NİSBÎ EMİRLER
Büyük ve küçük birer nisbî emir olduğu gibi, zâhir ve bâtın da nisbî emirlerdendir. İnsan bir tavuğun yanında fil kadar büyük, filin yanında ise tavuk kadar küçük kalıyor. İnsana birinci halde büyük, ikinci halde ise küçük deniliyor. Aynen bunun gibi, bir karpuzun yenilecek kısmı bize göre iç olduğu halde, karpuzun çekirdeğine göre dış oluyor. Yani, karpuz, kâinatın içinde, yenilecek kısım karpuzun içinde, çekirdek yenilecek kısmın içinde, nüve ise çekirdeğin içinde bulunuyor. Öyle ise bir karpuz çekirdeğini nizama koyan kim ise bütün kâinatı idare eden de odur.

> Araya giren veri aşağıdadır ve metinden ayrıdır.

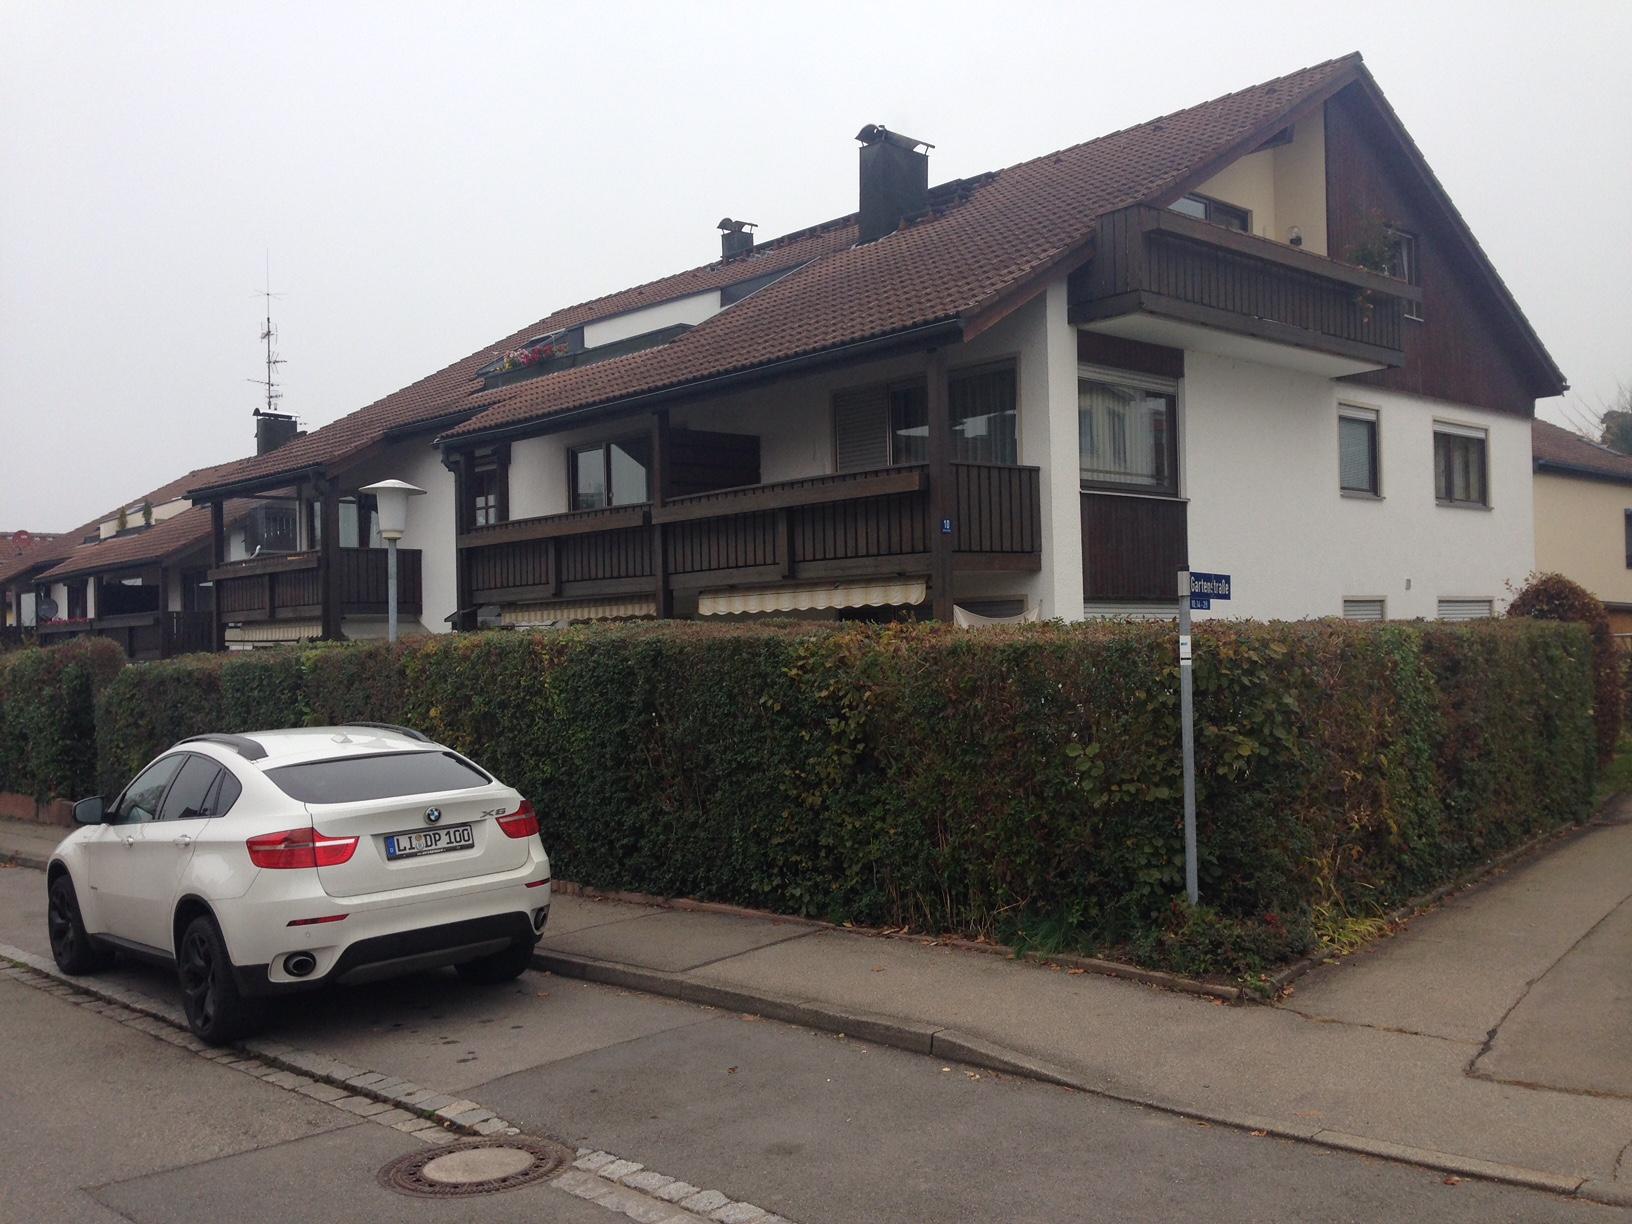 Attraktive 2,5 Zimmer Wohnung in Lindau Bodolz mit Terrasse und Gartenanteil in Bodolz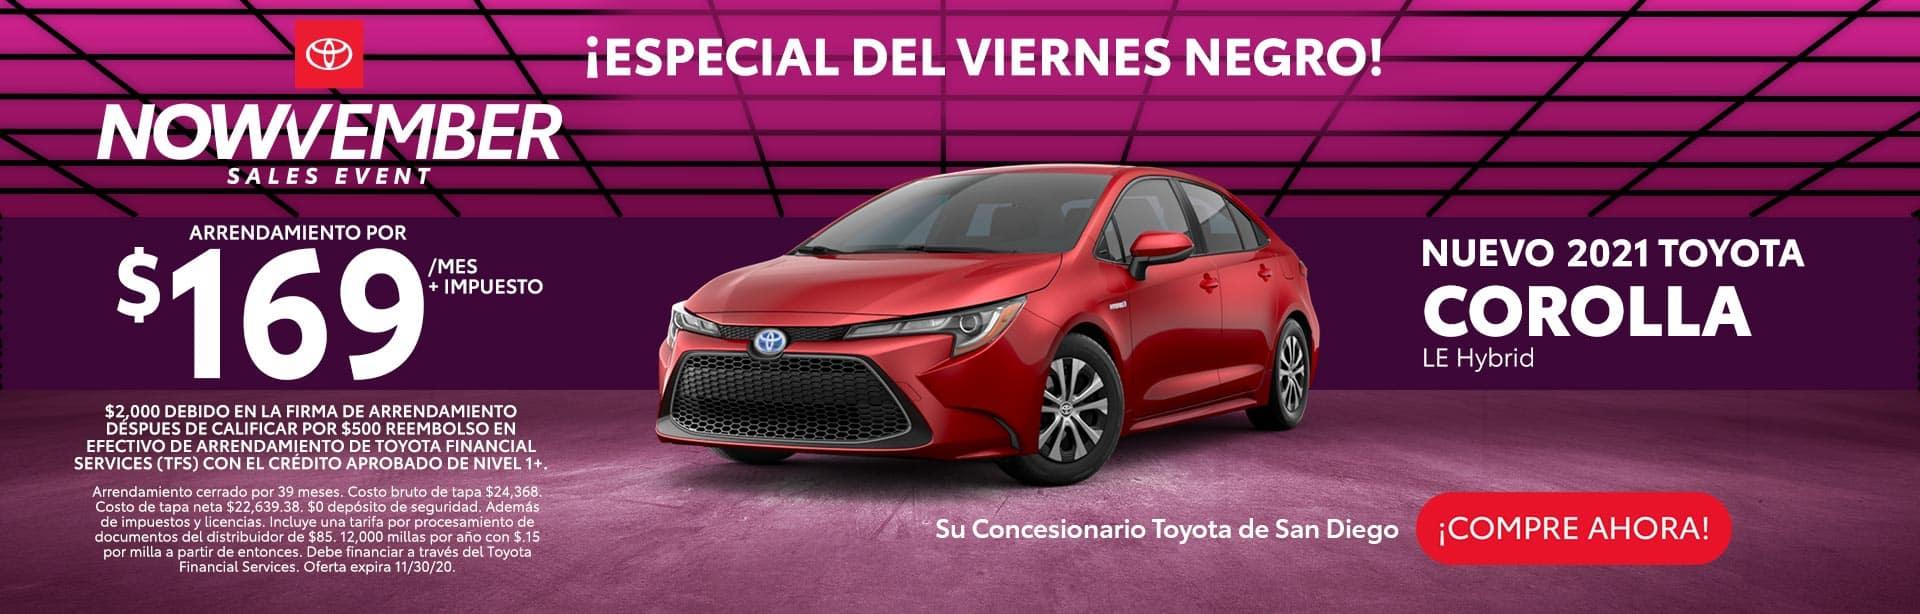 NRTSD_1920x614_Slide_ESP_11-20_Corolla_Hybrid1

Cenâb-ı Hak için uzak-yakın farkı olmadığı gibi, zâhir-bâtın farkı da yoktur. Dikkat edilirse, en kıymettar eserler ve en harika fiiller bâtında vücud buluyor. Yumurtanın içinde civciv halk ediliyor. Aynı şekilde toprağın altı karanlık olmakla beraber umum çekirdekler orada sümbülleşiyor. Ana rahmi bâtında olduğu halde, çocuğun yaratılışında nihayetsiz hikmet bulunuyor ve her âza kendi yerinde, kendine has şekil ve büyüklükle teşekkül ettiriliyor.